Open vhoogelander opened 1 year ago
Hi @vhoogelander thanks for opening this issue. Can you include the full error messages and provide details about the machine on which you're running these notebooks?
Hi Peter, I am running the notebooks on vhoogeland2@host-192-168-0-55 (this is the machine name right?). For the first problem, I don't get any error in the NB itself, it just keeps running. These are the full error messages of the 2nd problem: NB2:
Error Traceback (most recent call last)
Cell In[8], line 1
----> 1 cfg_file, cfg_dir = model.setup(end_time=experiment_end_date)
2 print(cfg_file)
3 print(cfg_dir)
File /opt/conda/envs/ewatercycle/lib/python3.10/site-packages/ewatercycle/models/wflow.py:113, in Wflow.setup(self, cfg_dir, **kwargs)
102 def setup(self, cfg_dir: Optional[str] = None, **kwargs) -> Tuple[str, str]: # type: ignore
103 """Start the model inside a container and return a valid config file.
104
105 Args:
(...)
111 Path to config file and working directory
112 """
--> 113 self._setup_working_directory(cfg_dir)
114 cfg = self.config
116 if "start_time" in kwargs:
File /opt/conda/envs/ewatercycle/lib/python3.10/site-packages/ewatercycle/models/wflow.py:160, in Wflow._setup_working_directory(self, cfg_dir)
157 self.work_dir.parent.mkdir(parents=True, exist_ok=True)
159 assert self.parameter_set
--> 160 shutil.copytree(src=self.parameter_set.directory, dst=self.work_dir)
161 if self.forcing:
162 forcing_path = to_absolute_path(
163 self.forcing.netcdfinput, parent=self.forcing.directory
164 )
File /opt/conda/envs/ewatercycle/lib/python3.10/shutil.py:556, in copytree(src, dst, symlinks, ignore, copy_function, ignore_dangling_symlinks, dirs_exist_ok)
554 with os.scandir(src) as itr:
555 entries = list(itr)
--> 556 return _copytree(entries=entries, src=src, dst=dst, symlinks=symlinks,
557 ignore=ignore, copy_function=copy_function,
558 ignore_dangling_symlinks=ignore_dangling_symlinks,
559 dirs_exist_ok=dirs_exist_ok)
File /opt/conda/envs/ewatercycle/lib/python3.10/shutil.py:512, in _copytree(entries, src, dst, symlinks, ignore, copy_function, ignore_dangling_symlinks, dirs_exist_ok)

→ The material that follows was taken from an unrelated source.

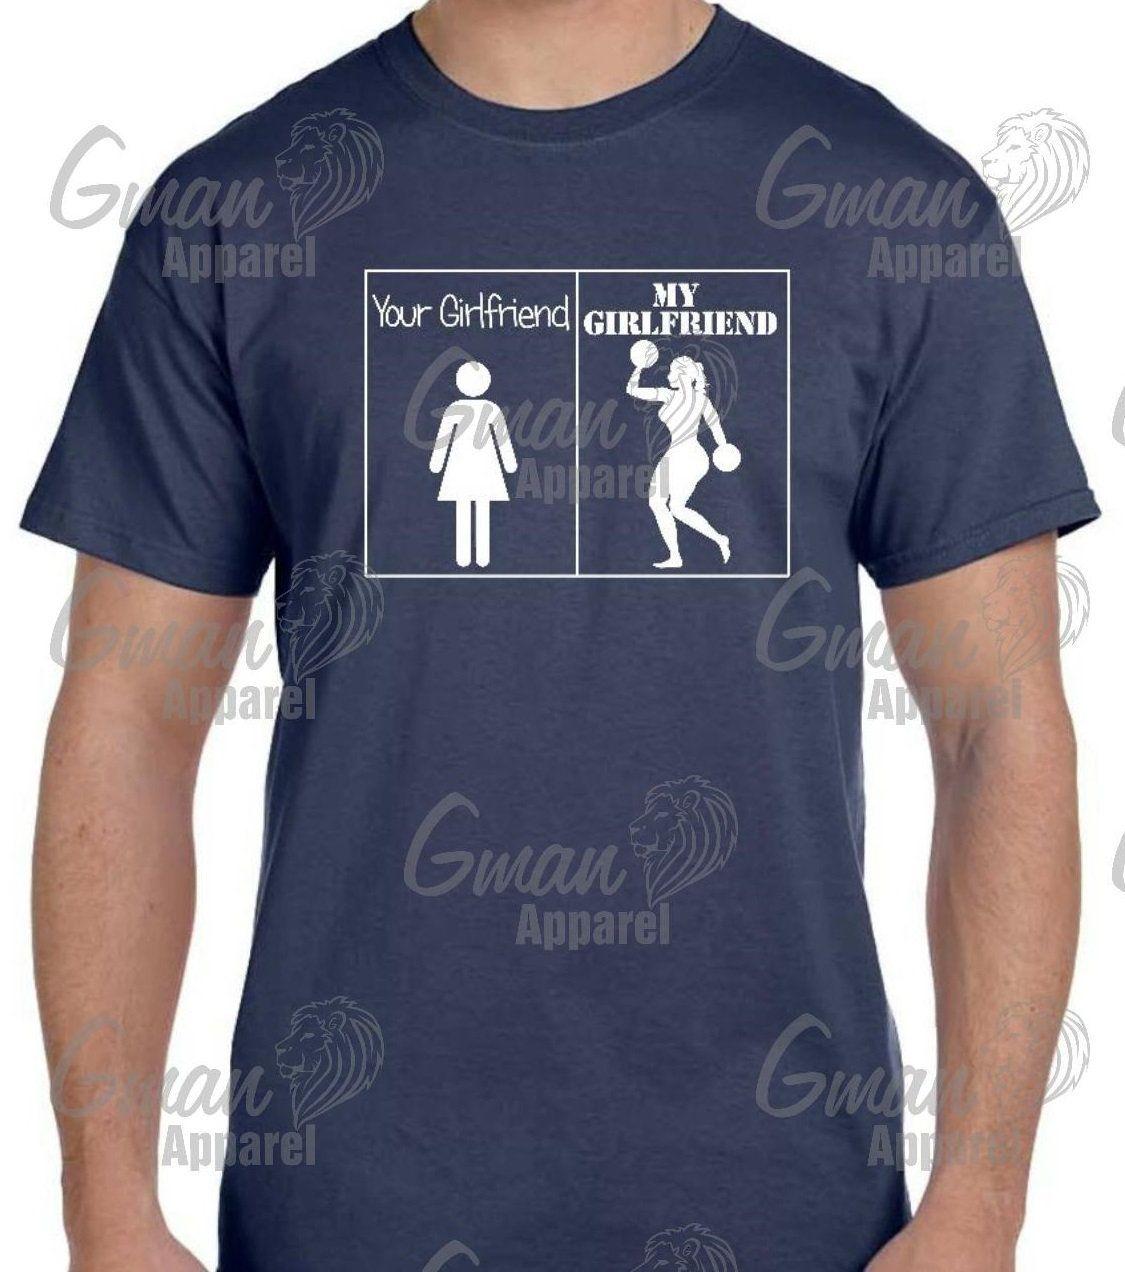 Funny gym tshirt your girlfriend vs my girlfriend size s

510 errors.append((src, dst, str(why)))
511 if errors:
--> 512 raise Error(errors)
513 return dst
Error: [('/mnt/data/parameter-sets/wflow_merrimack_techpaper/inmaps/wflow_ERA5_Merrimack_2001_2016.nc', '/home/vhoogeland2/technicalPaperExampleNotebooks/ewatercycle_output/wflow_20230809_130831/inmaps/wflow_ERA5_Merrimack_2001_2016.nc', "[Errno 5] Input/output error: '/mnt/data/parameter-sets/wflow_merrimack_techpaper/inmaps/wflow_ERA5_Merrimack_2001_2016.nc' -> '/home/vhoogeland2/technicalPaperExampleNotebooks/ewatercycle_output/wflow_20230809_130831/inmaps/wflow_ERA5_Merrimack_2001_2016.nc'"),
........ VERY LONG MESSAGE ........,
'/home/vhoogeland2/technicalPaperExampleNotebooks/ewatercycle_output/wflow_20230809_130831/staticmaps/wflow_uparea.map', '[Errno 5] Input/output error')]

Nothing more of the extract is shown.